I am exploring utilizing Expectation Maximization (EM) algorithm in machine learning where the exact distribution of the data is unknown as all the observed sample pairs do not form the complete data. We assume that each data consists of a pair $(\lambda, X)$, where $\lambda$ is a latent parameter and $X$ is the data (features) given. The machine learning model that we would like to train consists of a set of parameters $\theta$ and learns a function $\Phi$ where $\Phi(\lambda, X; \theta)$.
We note that $\lambda, \theta$ jointly determines the neural network model. The goal is then to compute $$Q(\theta|\theta^{(t)}) = \mathbb{E}_{\lambda\sim p(\cdot|\bf{X},\theta^{(t)})}p(\lambda, \textbf{X}|\theta),$$ $$Q(\theta|\theta^{(t)}) = \sum_{\lambda} {p(\lambda\mid\textbf{X},\theta^{(t)}) \log p(\lambda, \textbf{X}\mid\theta)}$$ where $\textbf{X}$ denotes all the observed pairs, so as to update and obtain $\theta^{(t+1)}$.
We know $p(\lambda, \textbf{X}\mid\theta)$ up to proportionality and thus, we have used the MCMC algorithm to draw samples from the distribution and thus, are able to obtain an estimation of $p(\lambda\mid\textbf{X},\theta^{(t)})$ a.k.a the weights.

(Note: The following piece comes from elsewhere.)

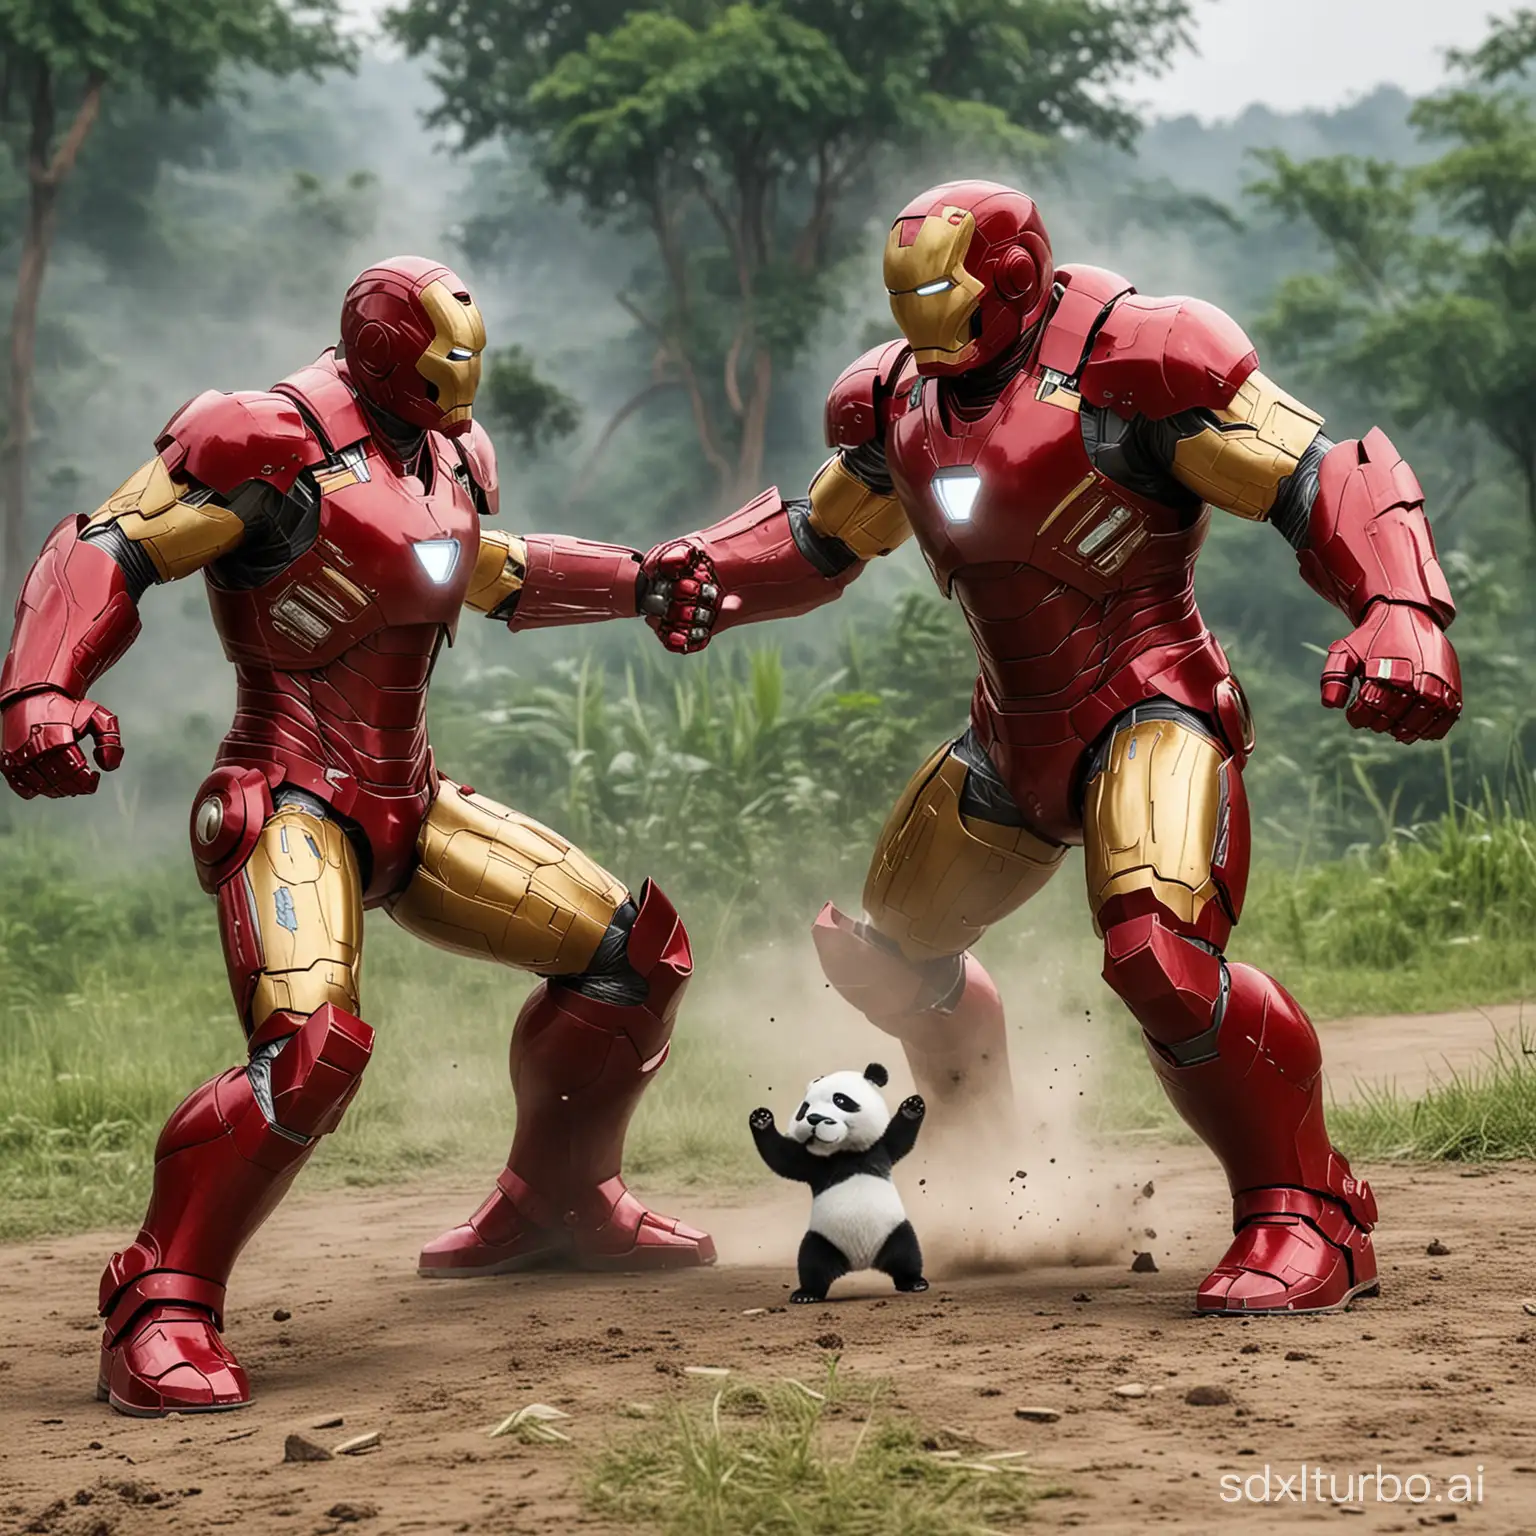 Iron-Man-Battling-Panda-Epic-Superhero-Confrontation-in-Urban-Jungle

Despite that, we can't explicitly compute the $Q$-function as we do not know the normalization constant.
Currently, I am stuck on how to optimize the $Q$-function such as to obtain $\theta^{(t+1)}$, up to a sufficient condition. Have anyone run into this problem? An alternative solution instead of using MCMC is also welcomed!